Photothermal effect and antimicrobial properties of cerium-doped bioactive glasses

Abstract

Cerium (Ce) ions exhibit multifunctional biological properties, such as anti-inflammatory, antioxidant, antimicrobial, and anticancer properties. Consequently, the development of Ce-containing biomaterials with therapeutic characteristics has received considerable research attention. In this study, Ce-doped 13–93 bioactive glass (Ce-BG) was prepared using the conventional melt-quenching method. The physical phases, surface morphologies, elemental contents, and elemental valence states of the samples were analysed. The concentration of the ions released from the samples in deionised water was determined, and their ability to induce hydroxyapatite was evaluated. The photothermal properties were tested by irradiating the samples with an 808 nm laser. The results indicate that an increase in the Ce content within a certain range did not affect the amorphous structure and morphology of the bioactive glass.

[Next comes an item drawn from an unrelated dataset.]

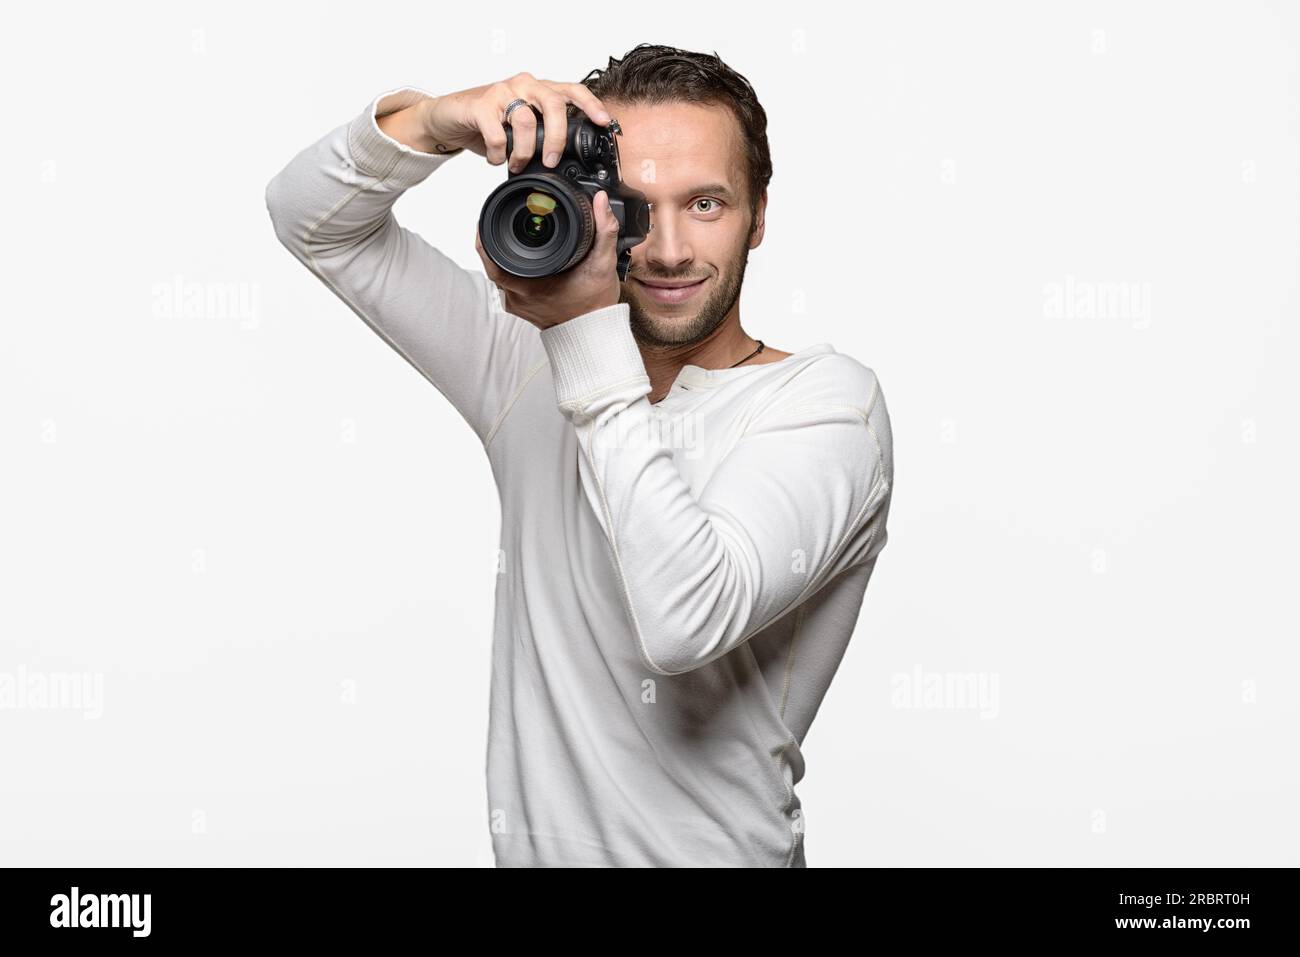 Männlicher Fotograf fokussiert und erstellt ein Bild mit seiner professionellen digitalen DSLR-Kamera, die das Objektiv direkt auf den Betrachter, den Oberkörper richtet Stockfoto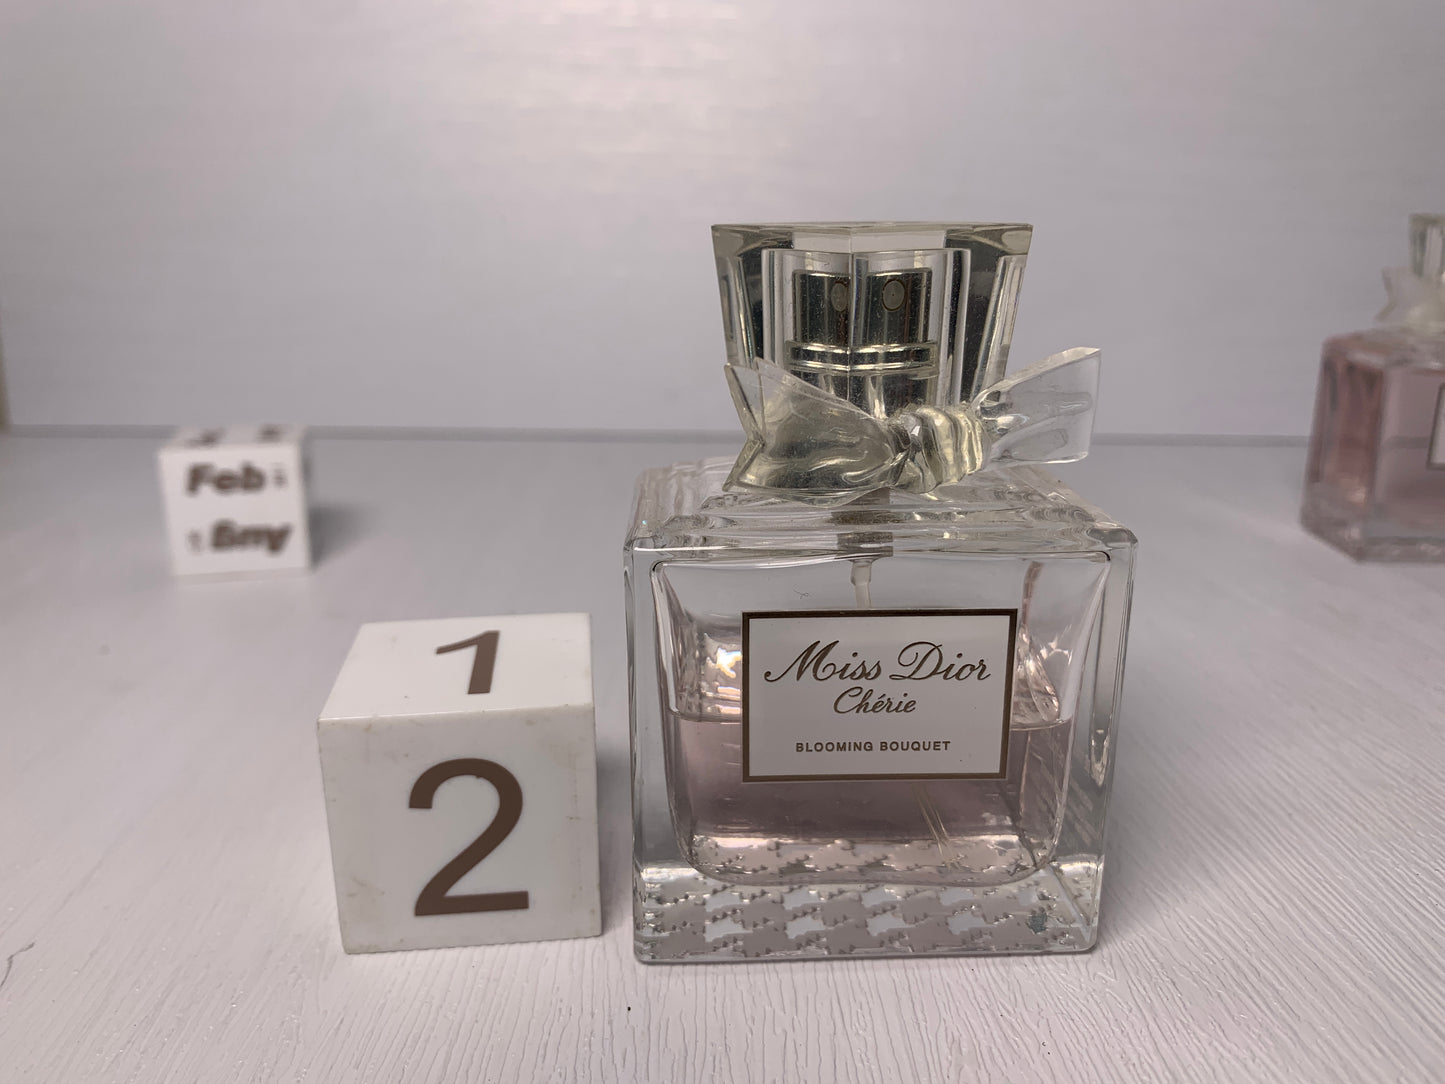 Rare Miss Dior Cherie   50ml 1.7 oz EDT eau de toilette  Parfum Perfume - 6FEB22

Ce content variation affected the photothermal effect of Ce-BG. The wet state powder sample could be rapidly heated up to 58.24 °C under 2 W/cm2 laser irradiation at 5 mol% Ce doping, showing the best photothermal performance. Further, bacterial experiments demonstrated the good antimicrobial effect of this sample. Simulated body fluid immersion experiments revealed the ability of the Ce-BG to induce hydroxyapatite production. Furthermore, in vitro cell culture studies showed that the Ce-BG was not toxic to MC3T3-E1 cells and induced cell proliferation after 3 days. Therefore, Ce-BG is a promising bioactive material because of its favourable photothermal effects, antimicrobial properties, and biocompatibility.